0

I would like to use BeautifulSoup to extract a table from a website and store it as structured data. The final output I require is something that can be exported to a .csv with a header row and multiple data rows.

I followed the answer to this question, but it appears updates to Python (or BeautifulSoup) require adjustments since it was posted 8 years ago. I think I have that mostly solved (see below), but in addition, the original answer seems to stop just short of actually structuring the data, instead outputting a list of header-data pairs.

I'd like to use a similar solution because it seems really close to what I need. My data is already parsed using BeautifulSoup so I'm specifically asking for a solution using that package rather than Pandas.

Reproducible Example

Altered from original question by adding a second row, as my data has many rows.
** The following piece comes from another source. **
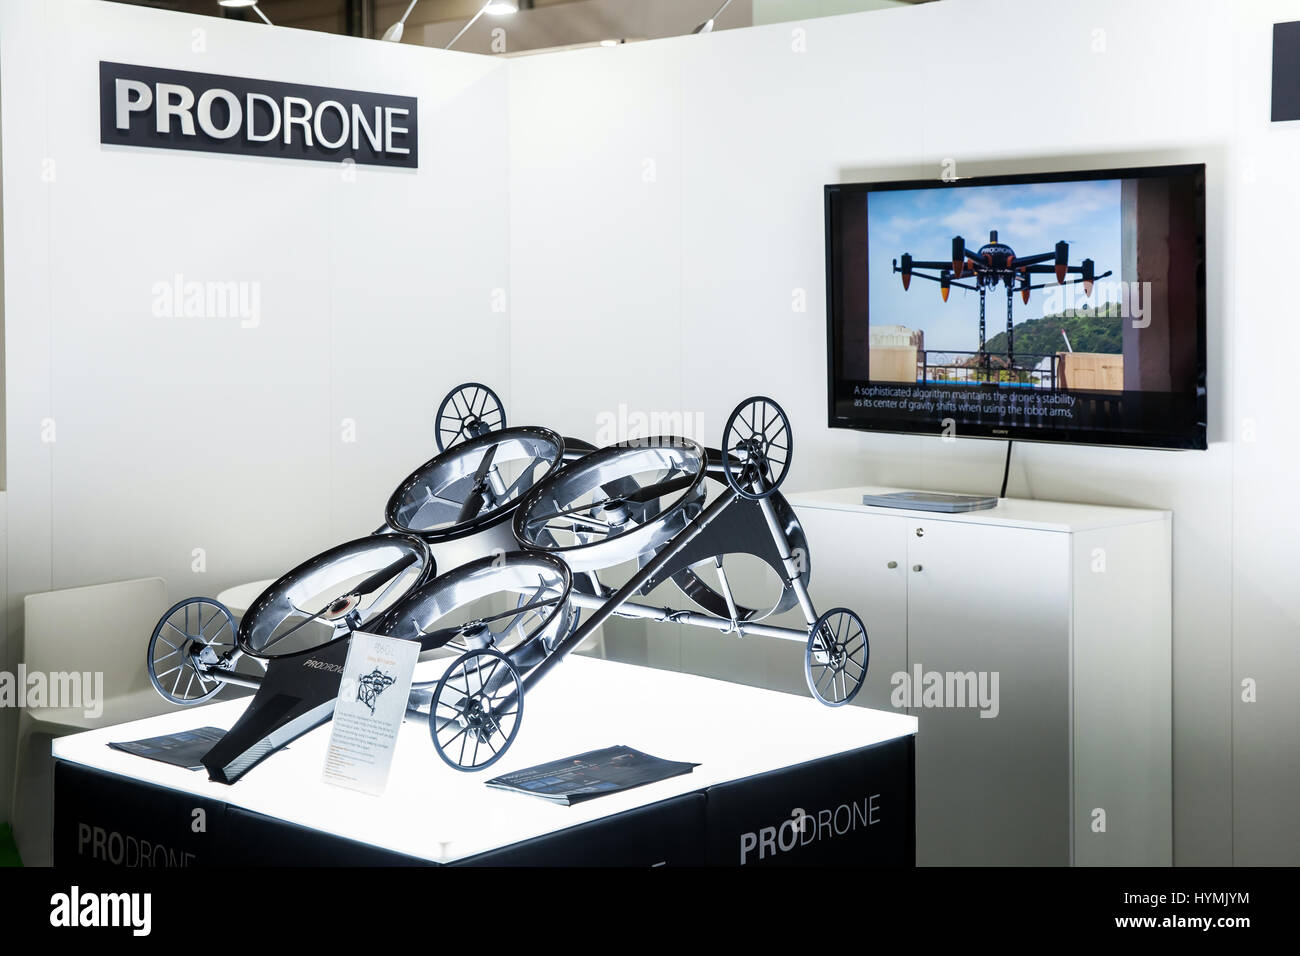 Prodrone Unternehmen mit dual Roboter Arm große Drohne Teilnahme an Ausstellung Messe Cebit 2017 in Hannover Messe, Deutschland Stockfoto

from bs4 import BeautifulSoup

html = """
  <table class="details" border="0" cellpadding="5" cellspacing="2" width="95%">
    <tr valign="top">
      <th>Tests</th>
      <th>Failures</th>
      <th>Success Rate</th>
      <th>Average Time</th>
      <th>Min Time</th>
      <th>Max Time</th>
   </tr>
   <tr valign="top" class="Failure">
     <td>103</td>
     <td>24</td>
     <td>76.70%</td>
     <td>71 ms</td>
     <td>0 ms</td>
     <td>829 ms</td>
  </tr>
  <tr valign="top" class="Failure">
     <td>109</td>
     <td>35</td>
     <td>82.01%</td>
     <td>12 ms</td>
     <td>2 ms</td>
     <td>923 ms</td>
  </tr>
</table>"""

soup = BeautifulSoup(html)
table = soup.find("table", attrs={"class":"details"})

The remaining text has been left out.